German operatic contralto

Ursula Boese (27 July 1928 – 25 October 2016) was a German operatic contralto. A member of the Hamburg State Opera from 1960 to 1993, she pursued an international career. She appeared as Stravinsky's Iocaste at the San Francisco Opera in the presence of the composer, as Wagner's Fricka in Wieland Wagner's last production of the Ring Cycle at the Bayreuth Festival, and as Verdi's Ulrica alongside Luciano Pavarotti.

== Life ==
Born in Hamburg, Boese studied voice at the Musikhochschule Hamburg in her hometown, graduating with a diploma, and began as a concert singer during her studies.

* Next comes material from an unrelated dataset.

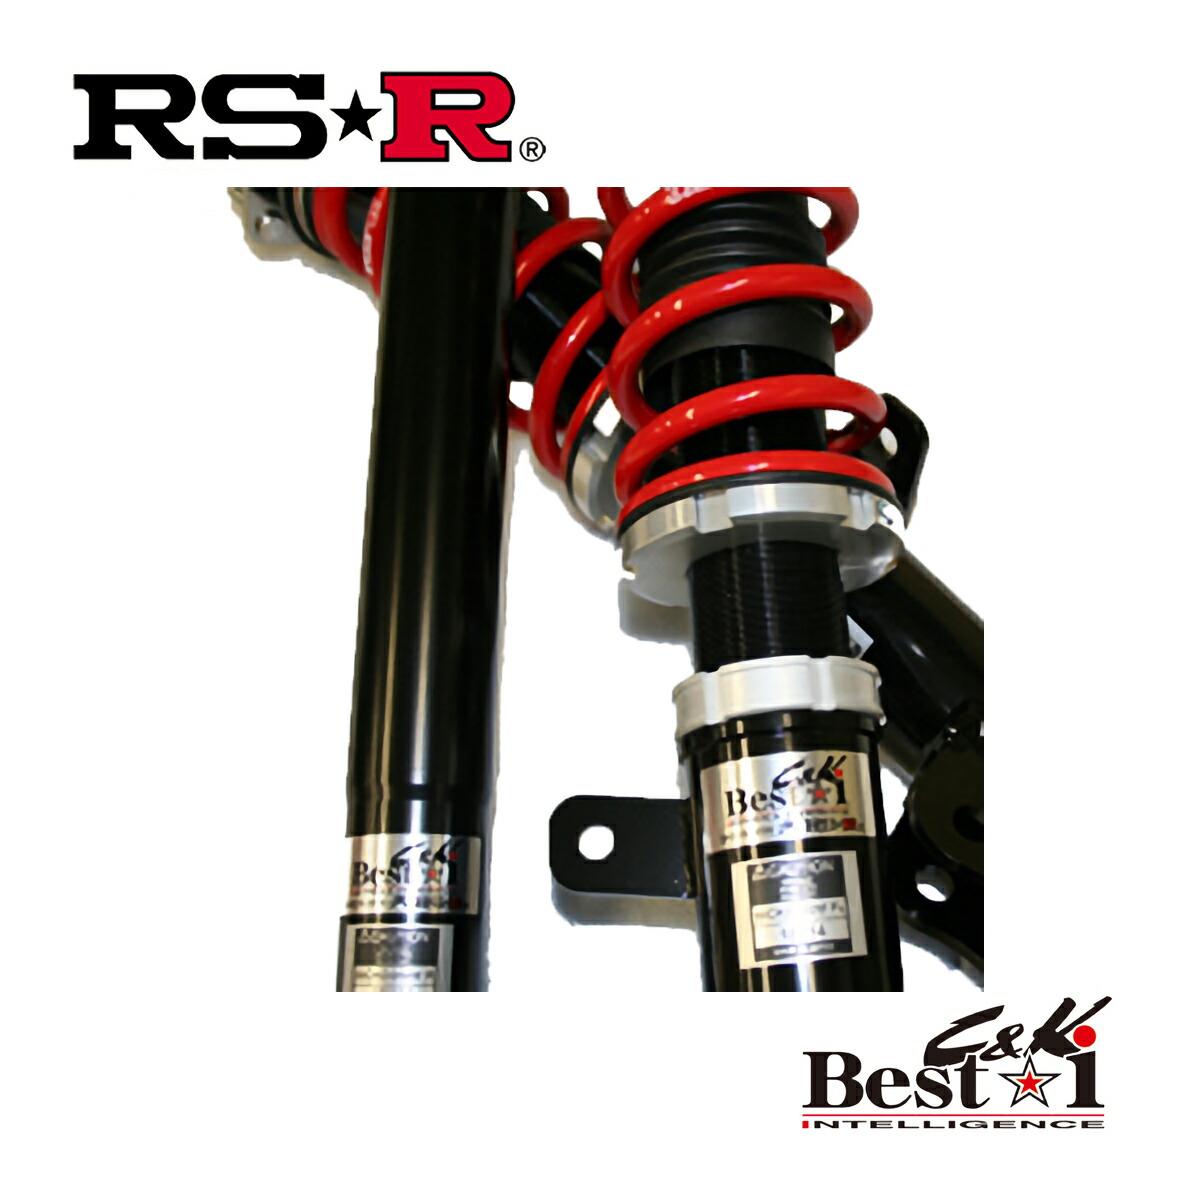 RS-R エブリィ エブリイ エブリー バン DA17V ジョインターボ 車高調 リア車高調整: ネジ式 BICKS650H2 ベストi C&K RSR 個人宅発送追金有

In 1958, she appeared at the Bayreuth Festival for the first time, making her stage debut, as Floßhilde and the Second Norn in Der Ring des Nibelungen conducted by Hans Knappertsbusch. She sang several roles there, including Fricka in the Ring Cycle in 1965, staged by Wieland Wagner.

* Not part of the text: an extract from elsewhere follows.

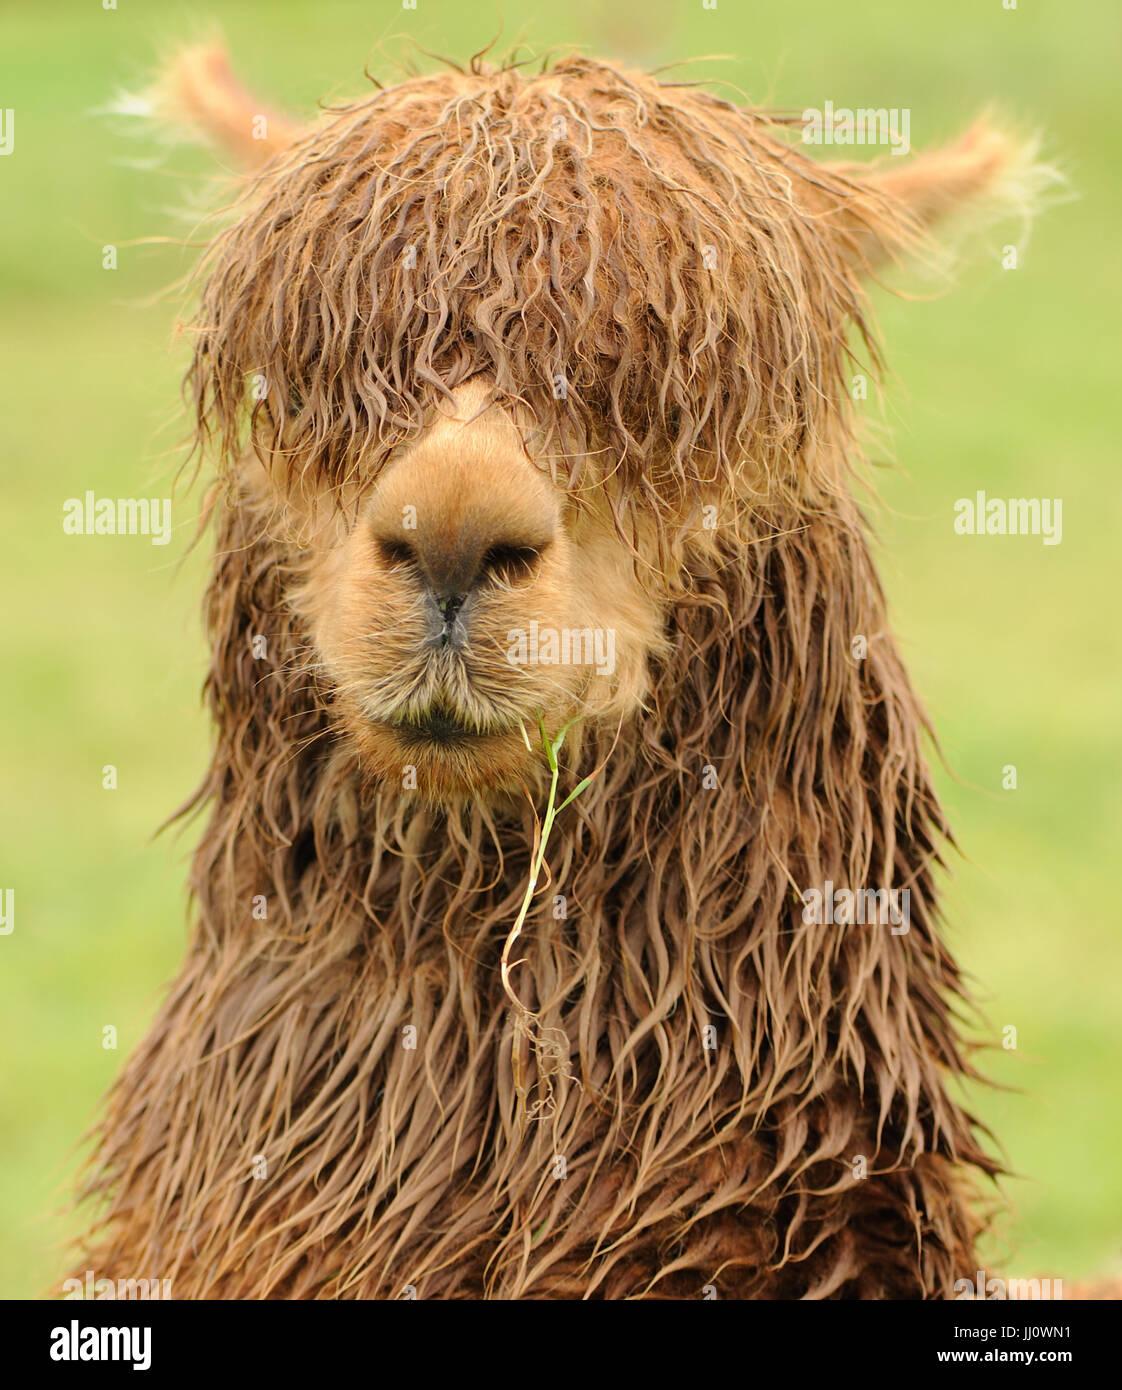 Portrait of a damp brown alpaca. Bedgebury Forest, Kent, UK. - Stock Image

She became a member of the Hamburg State Opera (HSO) in 1960, where she remained until her retirement in 1993. In 1968 she created the role of Miss Penelope Newkirk in the world premiere of Gian Carlo Menotti's Help, Help, the Globolinks! at the HSO. She was awarded the title Hamburgische Kammersängerin on 21 May 1969 by Rolf Liebermann.

She appeared at the Vienna State Opera, first in 1960 as the First Norn in Götterdämmerung, and in 1963 at La Scala in Milan as Iocaste in Stravinsky's Oedipus Rex. She also appeared as a guest at the Royal Opera House in London, in Rome, Venice, Turin, at the Teatro Colón in Buenos Aires, the Chicago Opera, the Liceu in Barcelona, and the Paris Opéra. She sang at the Edinburgh Festival and the Holland Festival. With the Hamburg ensemble, she appeared in Florence, the Metropolitan Opera in New York City, the Opéra de Montréal, the Mariinsky Theatre in Saint Petersburg, in Moscow and in Tokyo.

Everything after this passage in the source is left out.